As the United States prepared for a holiday weekend ahead of the Fourth of July, the ransomware group REvil was capitalising on a vulnerability in Kaseya software to attack managed service providers (MSPs) and their downstream customers. At least 1,500 companies appear to have been affected, even ones with no direct relationship to Kaseya.
REvil has demanded a total payment of $70 million in Bitcoin. For a group that tries to maximise its profits, this seems odd for two reasons:
- How does the group expect a single entity to collect $70 million from potentially thousands of affected organisations? REvil must be aware of the massive logistical challenges behind this, even if they expect Kaseya to act as a focal point for collecting the money.
- Since DarkSide lost access to most of the Colonial Pipeline ransom, criminal groups have shifted to demanding payments in Monero rather than Bitcoin. As a cryptocurrency, Monero appears to be more difficult to track for law enforcement agencies. The fact that REvil used Bitcoin, a more traceable cryptocurrency, seems counterproductive to their usual goal of maximising profits.
Darktrace also noticed that other, more traditional ‘big game hunting' REvil ransomware operations took place over the same weekend. This is not surprising as REvil is running a RaaS model — so it's likely some affiliate groups continued their regular big game hunting attacks while the Kaseya supply chain attack was underway.
Dissecting REvil ransomware from the network perspective
The attack was particularly effective because it leveraged unpatched vulnerabilities in Kaseya systems, which were able to bypass signature-based security. Once Kaseya had been infected, REvil were able to compromise almost 70 MSPs leading to a ripple effect down the supply chain. As the malware came from trusted third parties, it easily evaded legacy security tools.

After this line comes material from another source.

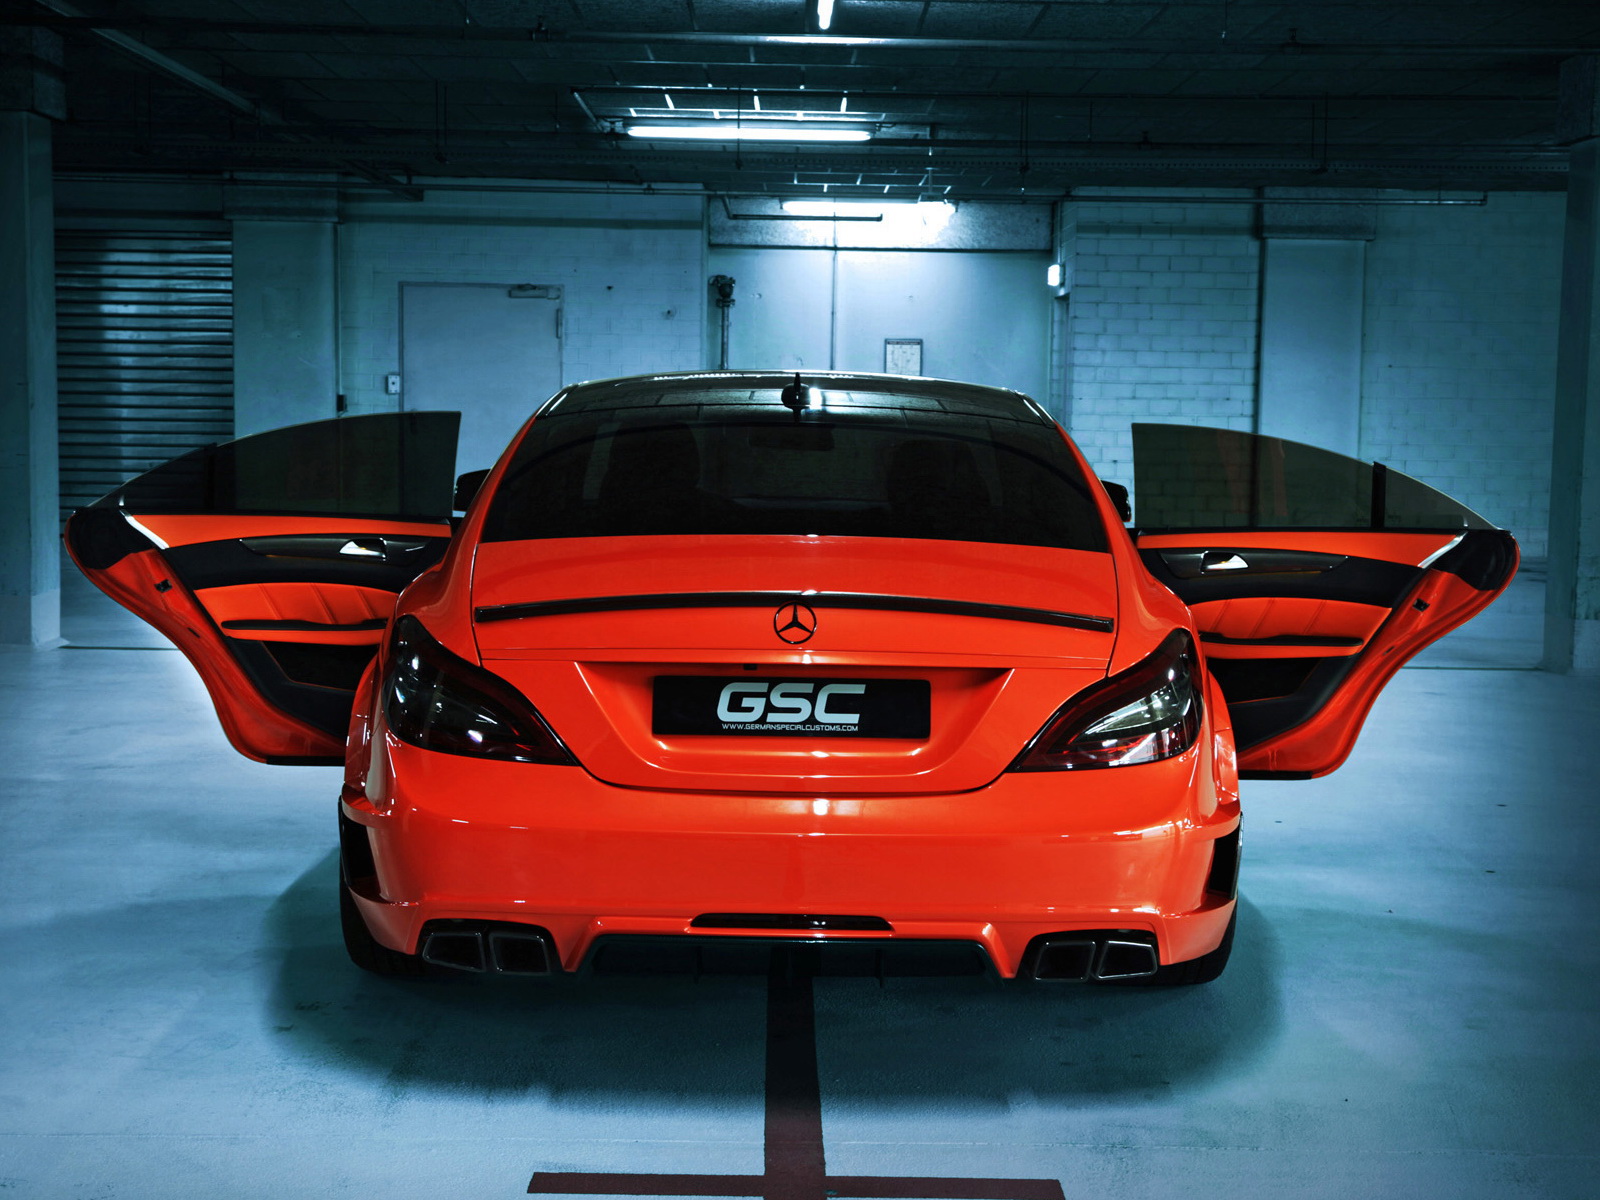 2013, Gsc, Mercedes, Benz, Cls63, Amg, Stealth, B s,  c218 , Tuning Wallpaper

Darktrace, however, takes a fundamentally different approach to security. It applies Self-Learning AI to form an understanding of ‘normal' for every user and organisation. This enables it to detect anomalies and stop threats on the first encounter.

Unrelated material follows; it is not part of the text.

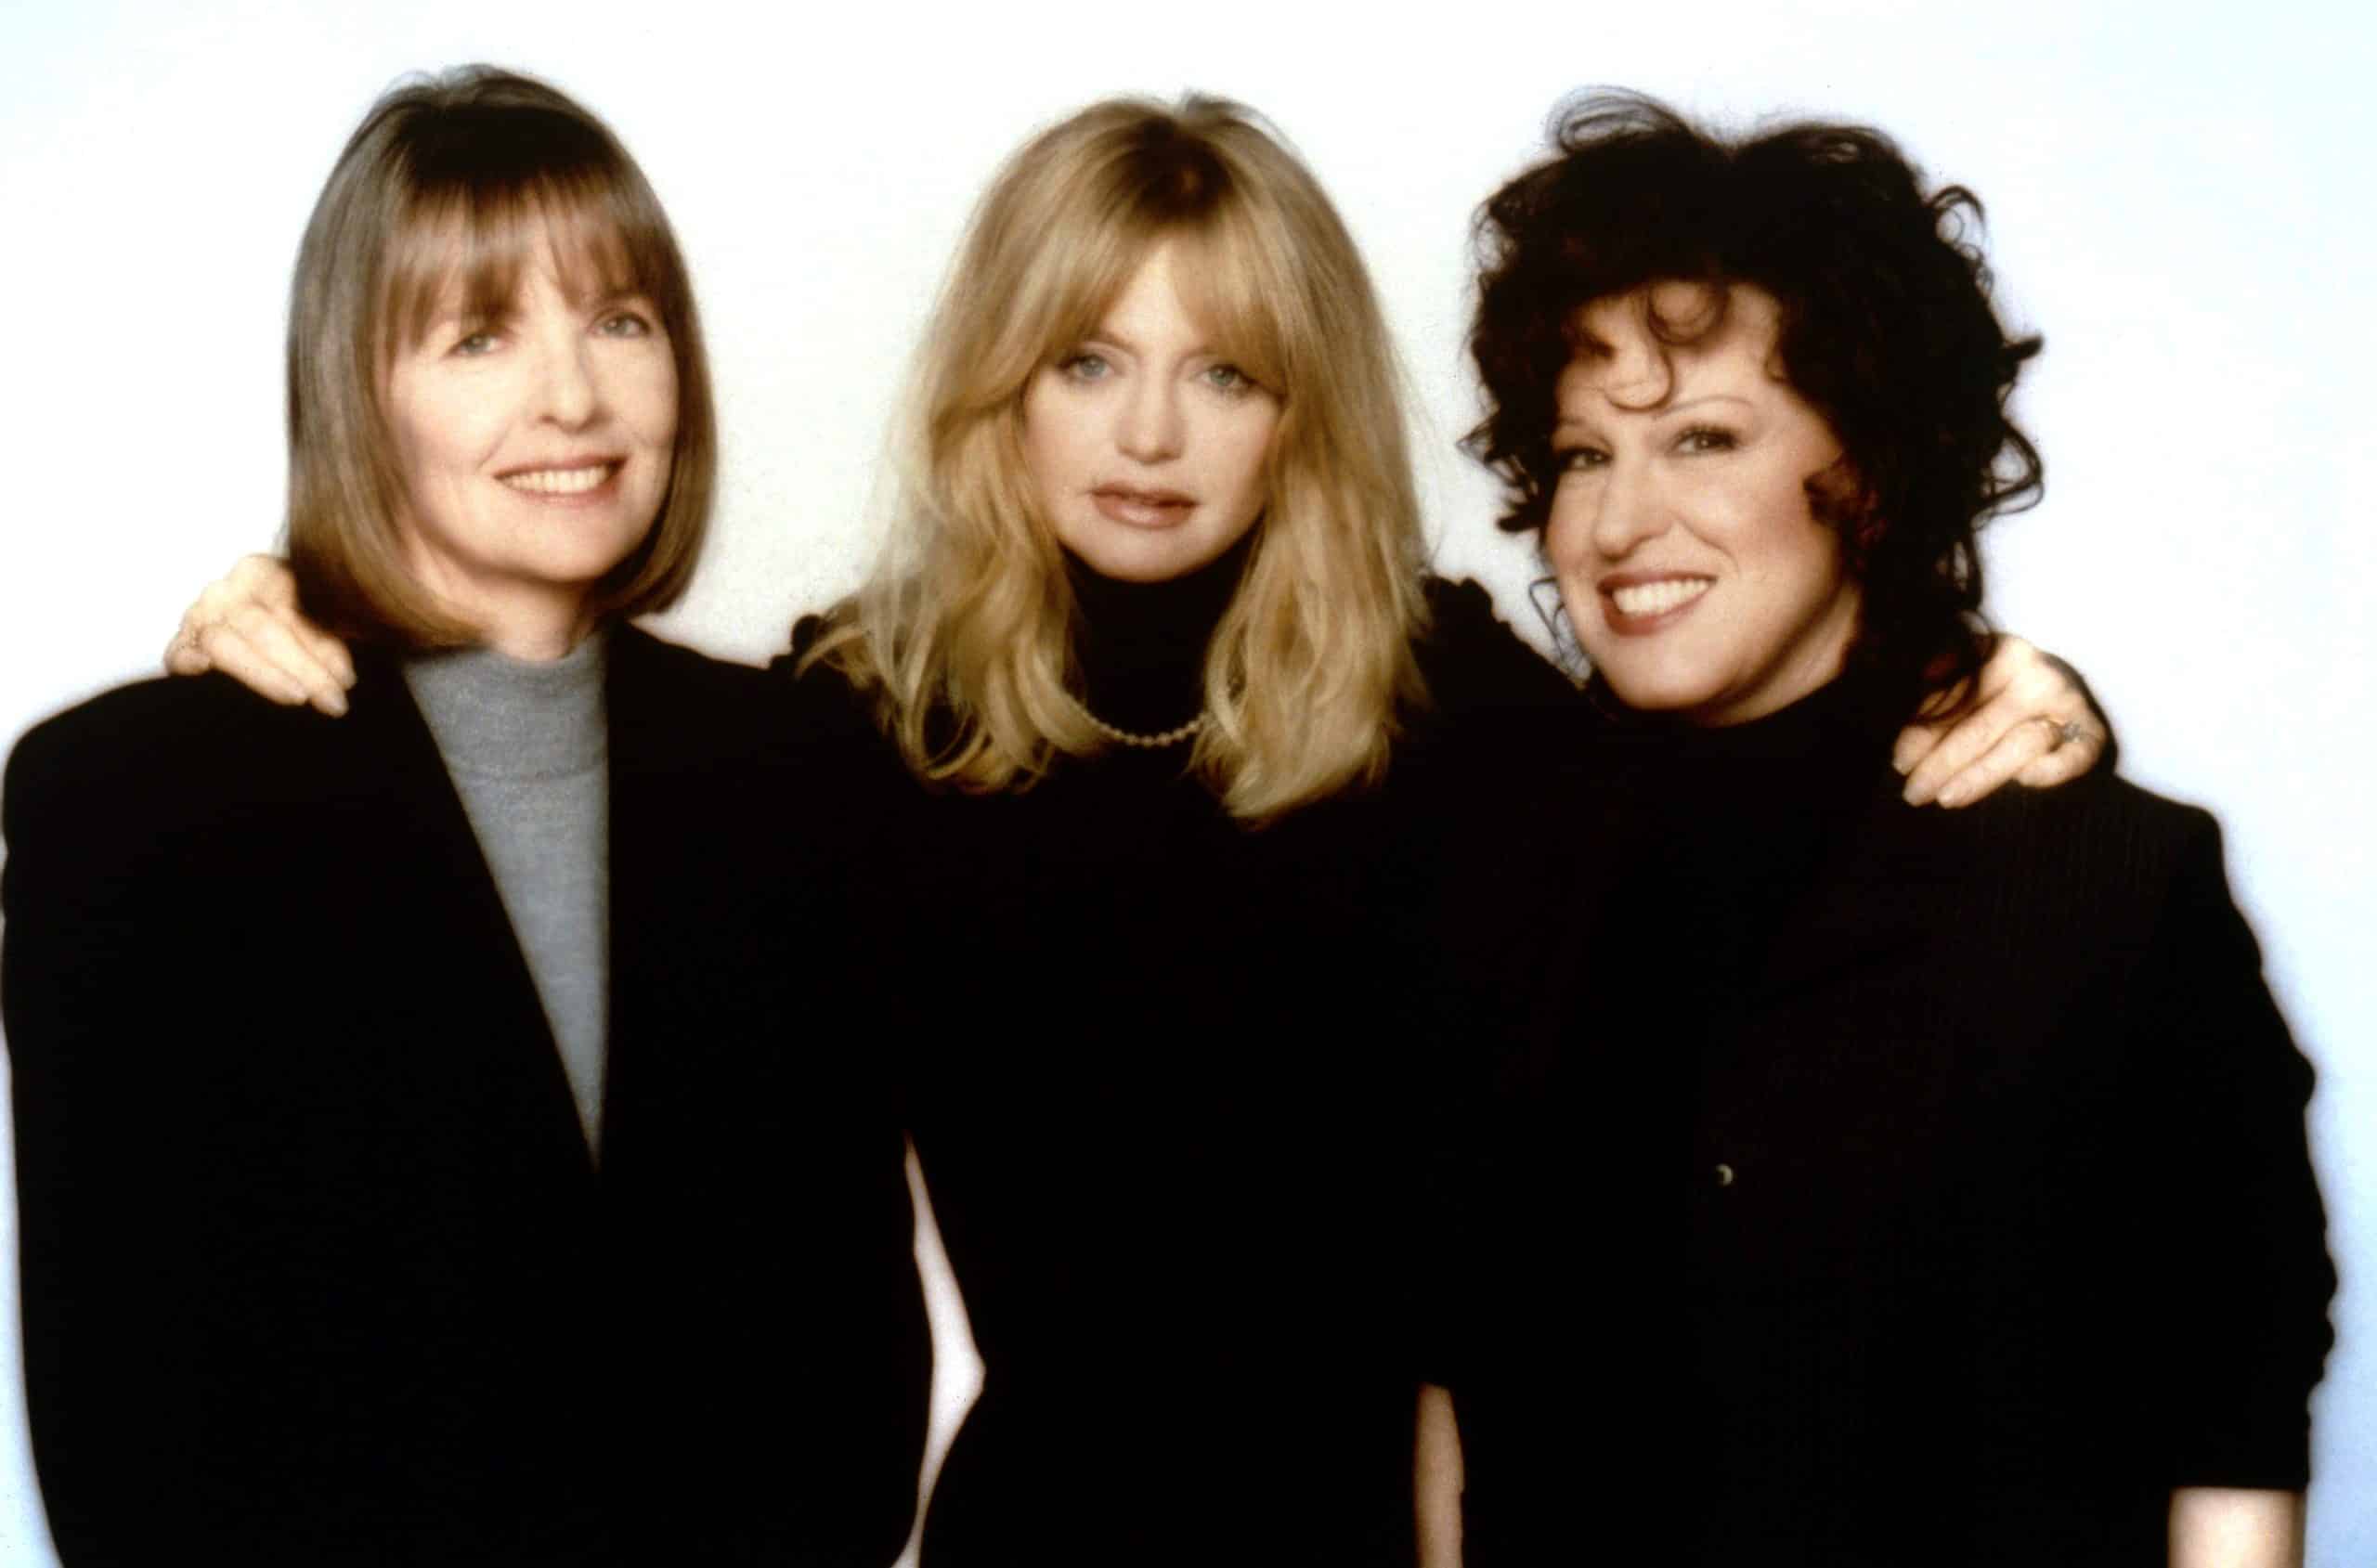 THE FIRST WIVES CLUB, from left, Diane Keaton, Goldie Hawn, Bette Midler, 1996

Figure 1: Darktrace detects encryption from the infected device
Darktrace detected the first signs of ransomware on the network as soon as encryption had begun. The ransomware began to take action at 11:08:32, shown by the ‘SMB Delete Success' from the infected laptop to an SMB server. While the laptop sometimes reads files on that SMB server, it never deletes these types of files on this particular file share, so Darktrace detected this activity as new and unusual.
Simultaneously, the infected laptop created the ransom note ‘943860t-readme.txt'. Again, the ‘SMB Write Success' to the SMB server was alerted as a new activity. By detecting and correlating these subtle anomalies, Darktrace identified them as the earliest stages of ransomware encryption on the network.

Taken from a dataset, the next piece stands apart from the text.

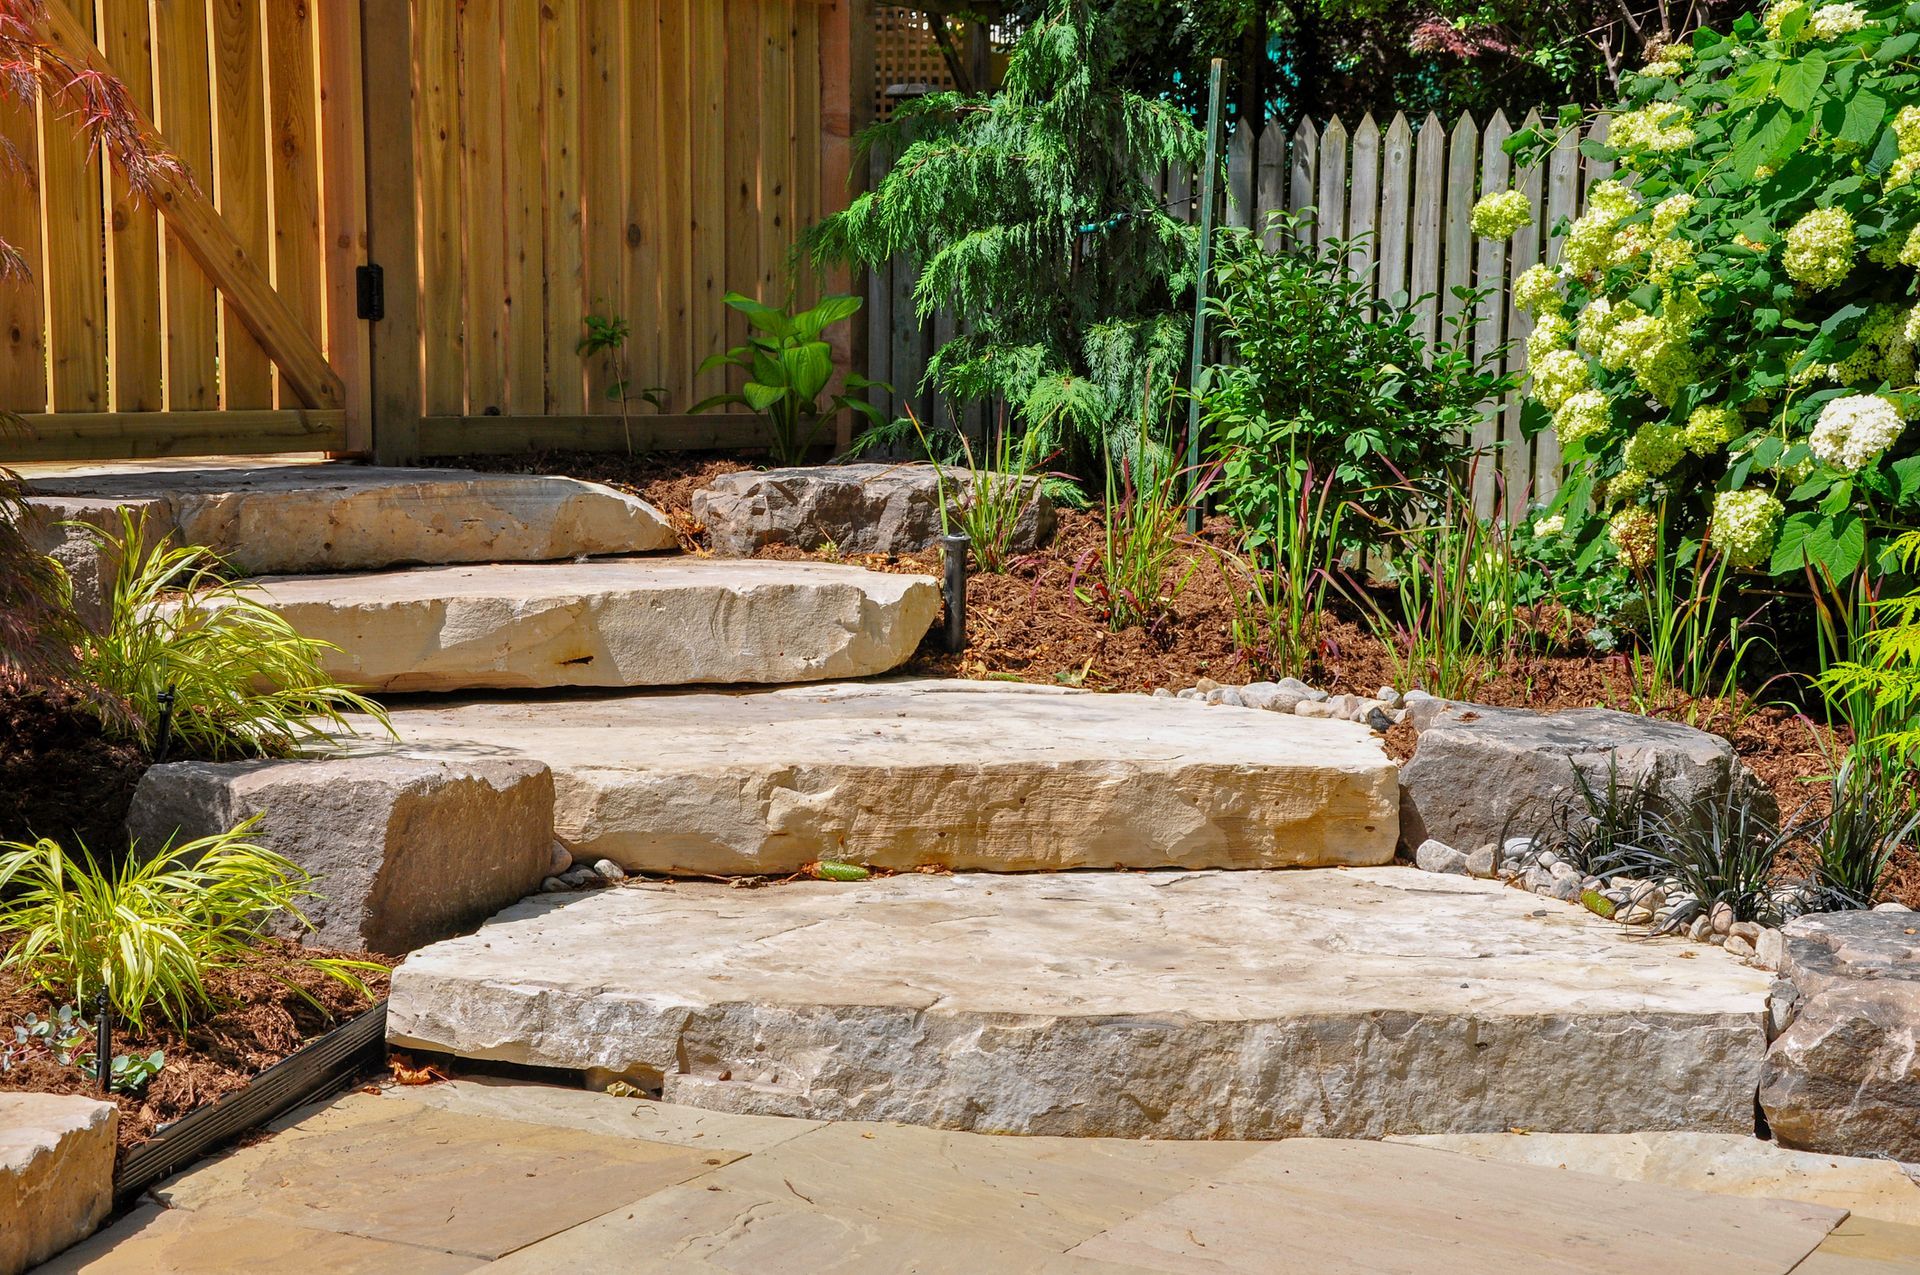 A Stone Staircase Leading up To a Wooden Fence in A Garden - Kinston, NC - Garden Gator Landscape & Design

Antigena, Darktrace's Autonomous Response capability, took immediate action by enforcing a ‘pattern of life' for five minutes and quarantining the device for 24 hours.
For several minutes, the infected laptop kept trying to connect to other internal devices via SMB to continue the encryption activity. It was blocked by Antigena at every stage, limiting the spread of the attack and mitigating any damage posed via the network encryption.
Unpredictable is not undefendable
This case study demonstrates how self-learning technology detects such attacks and minimises damage. It functions as a crucial part of defence-in-depth when other layers — such as endpoint protection, threat Intelligence or known signatures and rules — fail to detect unknown threats.